Maybe, I don't know this optimizer. Here I just did some quick tweaks.
I would say that the industry standard is to consider a MIP optimisation to be successful if
- a feasible solution has been found
- and the solver terminated due to:
- the optimal solution was found (0% mip gap)
- the desired MIP gap being achieved (> 0%)
- the time limit being reached
This behavior is probably a result of this upstream conversation about LP solvers:
I've given some thought to whether to return a dual feasible solution if the simplex solver in HiGHS is interrupted by time or iterations (or otherwise), or when the LP is found to be infeasible, but felt that it wasn't worth it.
This was before HiGHS had a mature MIP solver available, so some tweaking of _highs_wrapper
may be warranted to make sure a feasible MIP solution is available if it exists after timeout
I agree with the above statement.
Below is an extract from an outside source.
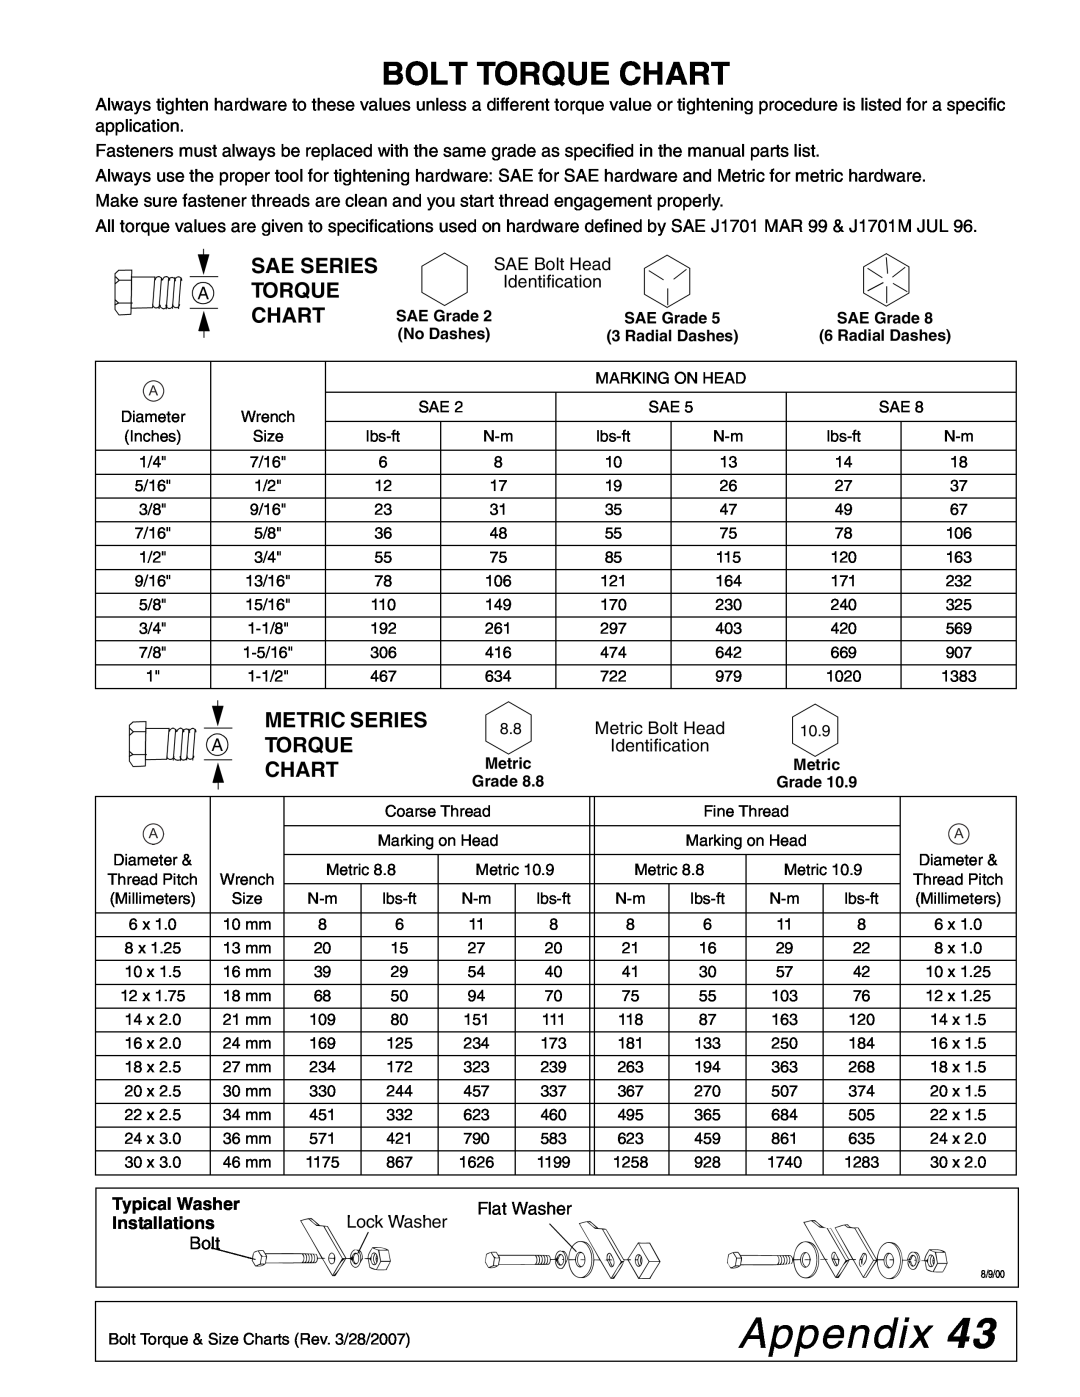 Woods Equipment RD990X manual Appendix, Bolt Torque Chart, Sae Series A Torque Chart, Metric Series A Torque Chart

Due to the nature of MIP problems, many of these problems are not solved to 100% proven optimality, but rather terminated if the mip gap is deemed to be below a certain acceptable threshold.
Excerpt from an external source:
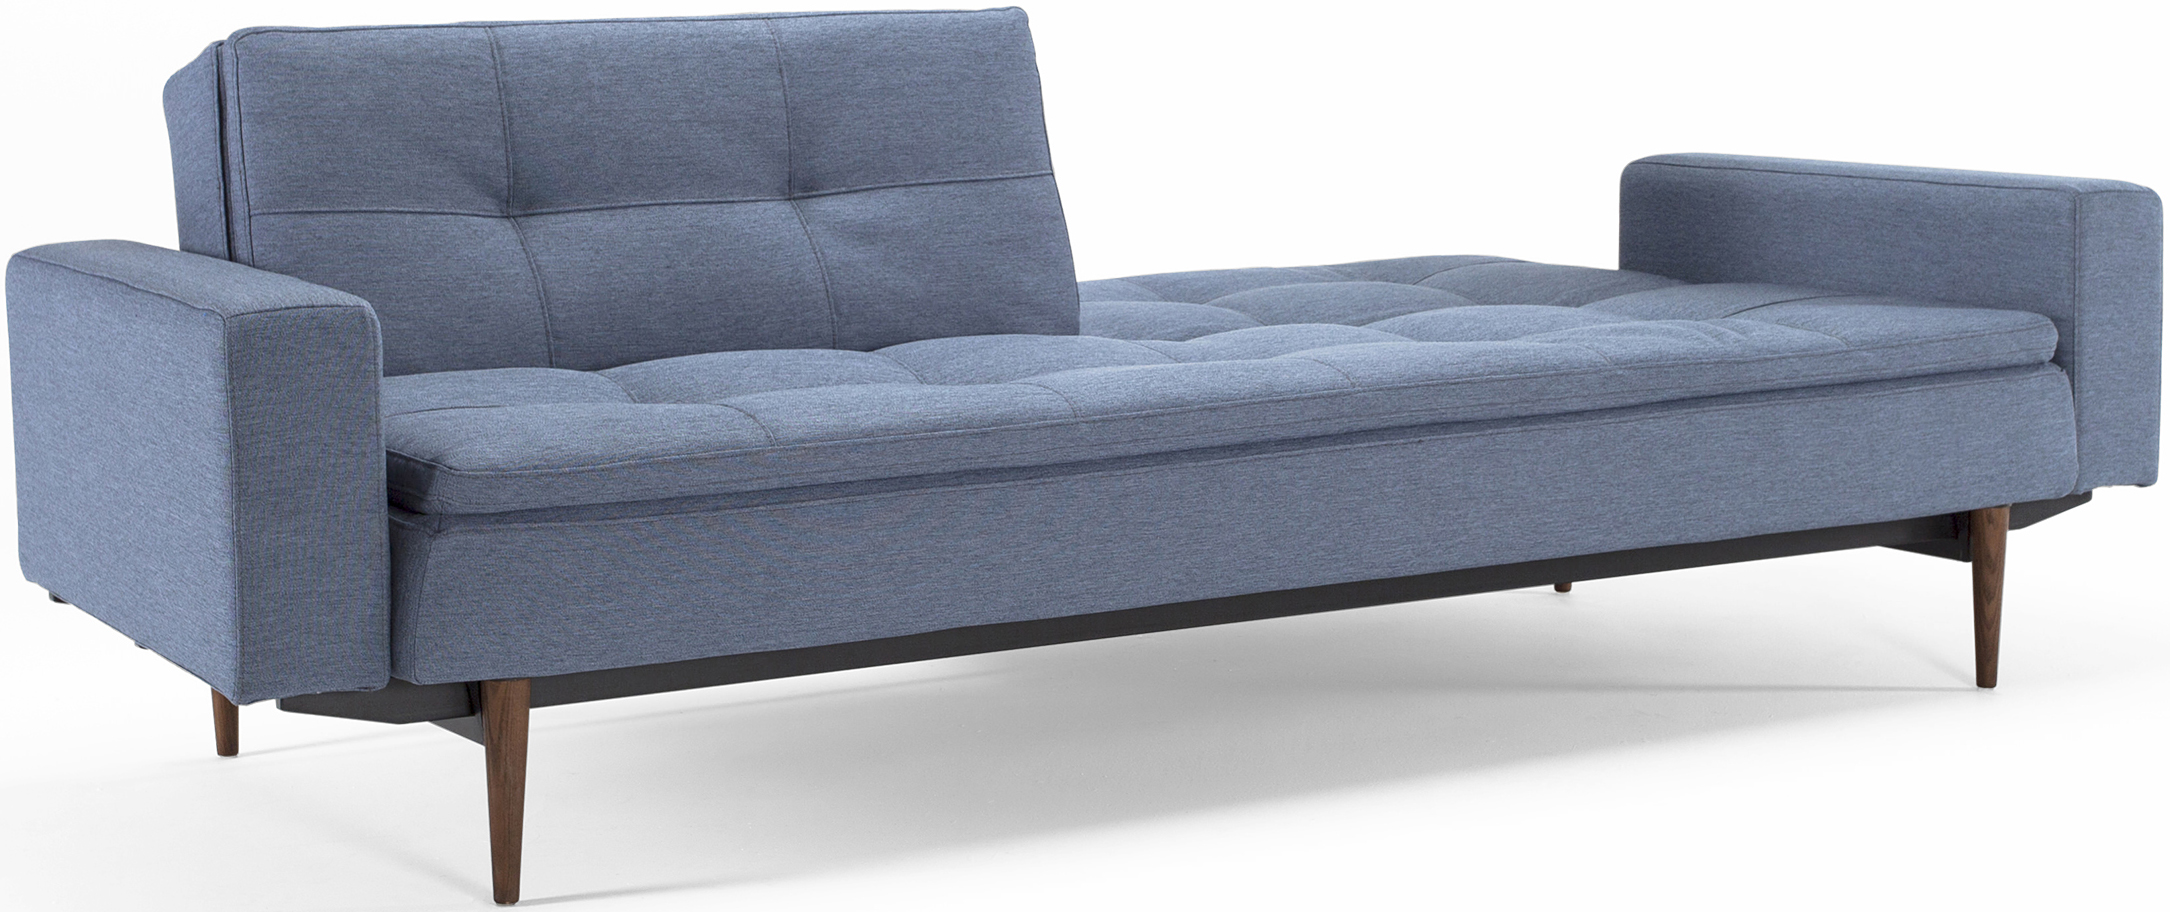 innovation dublexo sofa

Btw, there currently does not seem to be any way to set such an absolute or relative mip gap termination criterium in the options that are passed to HiGHS. This would be a very useful addition (much more useful than f.e. termination after max number of iterations).
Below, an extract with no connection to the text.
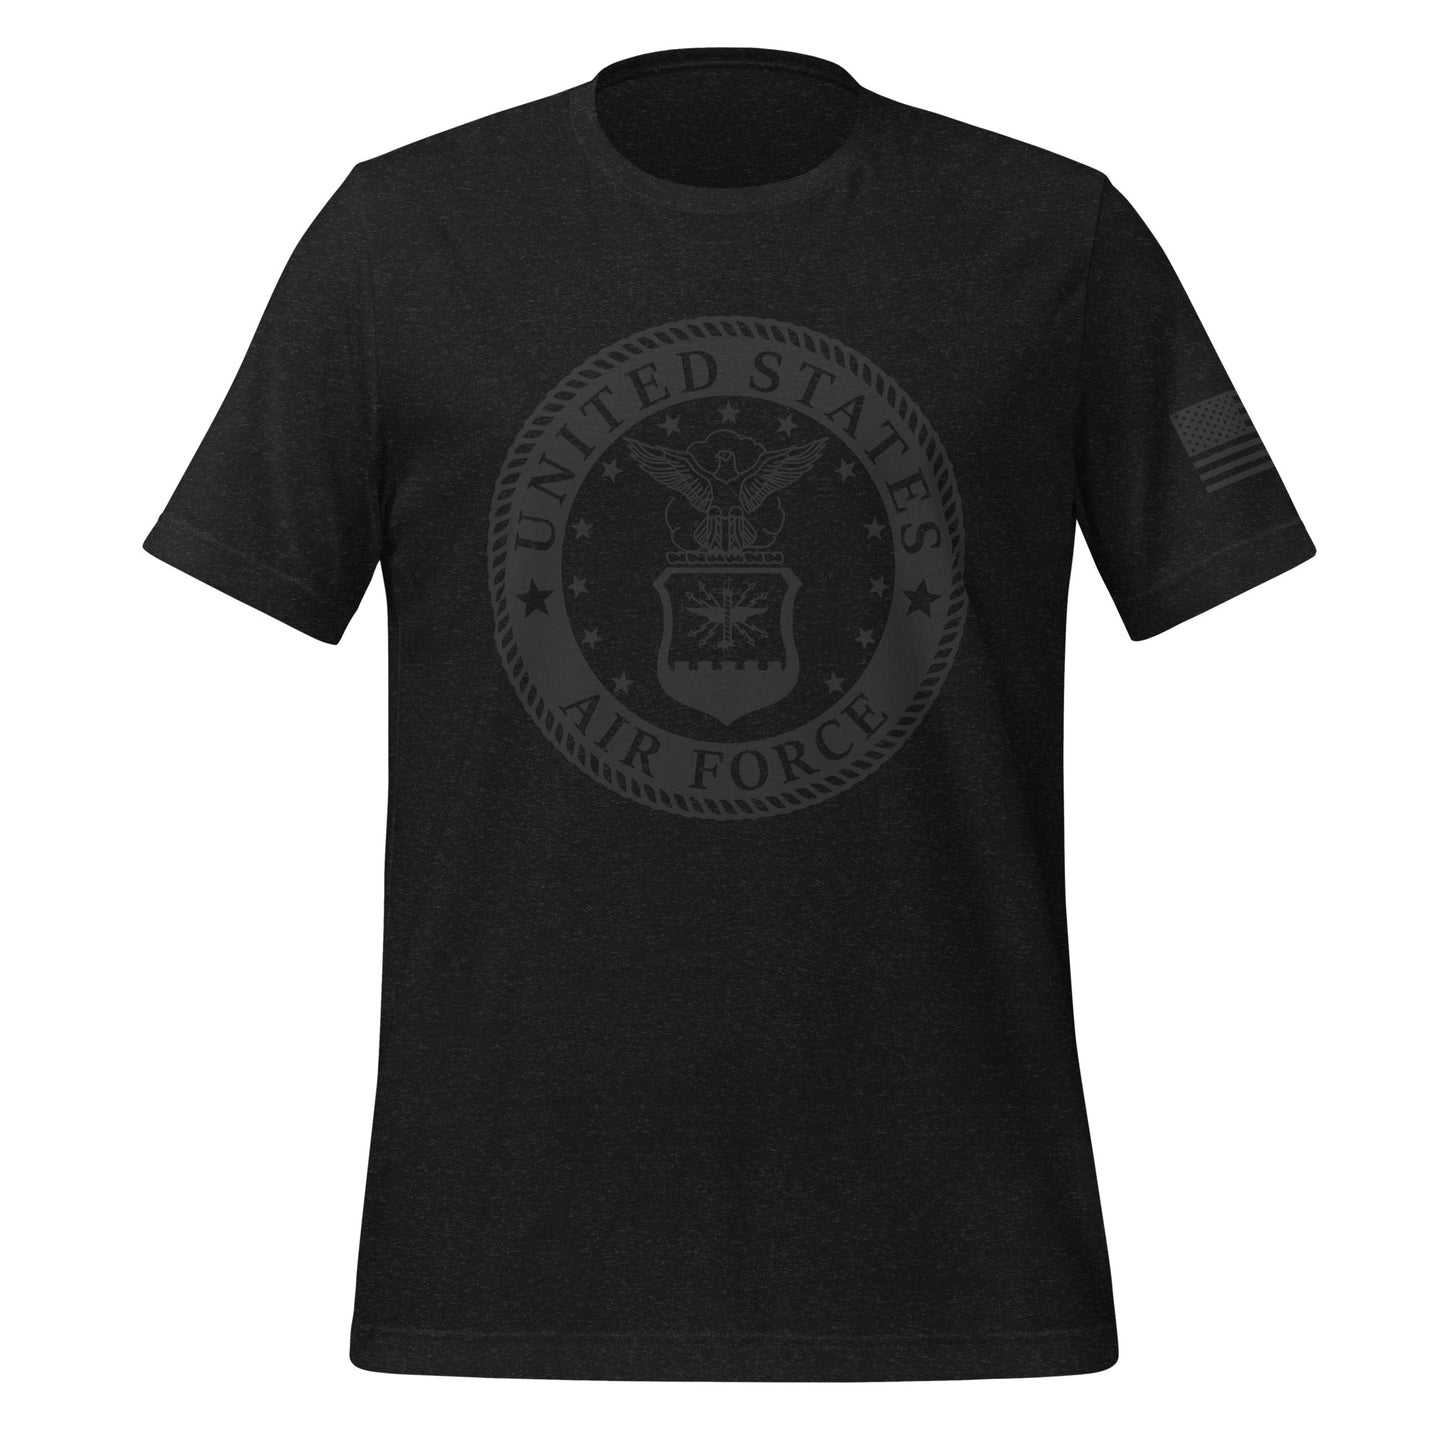 Unisex t-shirt - U.S. Air Force

@tupui, will this be fixed in the upcoming 1.9.0 release? Could we add it to the milestone?
@woutervbk I am afraid not. We are already close to the release with RC3 and I did not see any work started there.
Okay gotcha. Can we then add it to the 1.9.1
milestone, alt. 1.10.0
? Solving this issue would make milp()
a lot more useable in practice and would make its behaviour closer to commercial MILP solvers (e.g. gurobi
, CPLEX
, ..).
@woutervbk as I said above, we need someone to do the actual work. Would you like to try make a PR?
@mckib2 and I plan to do this shortly.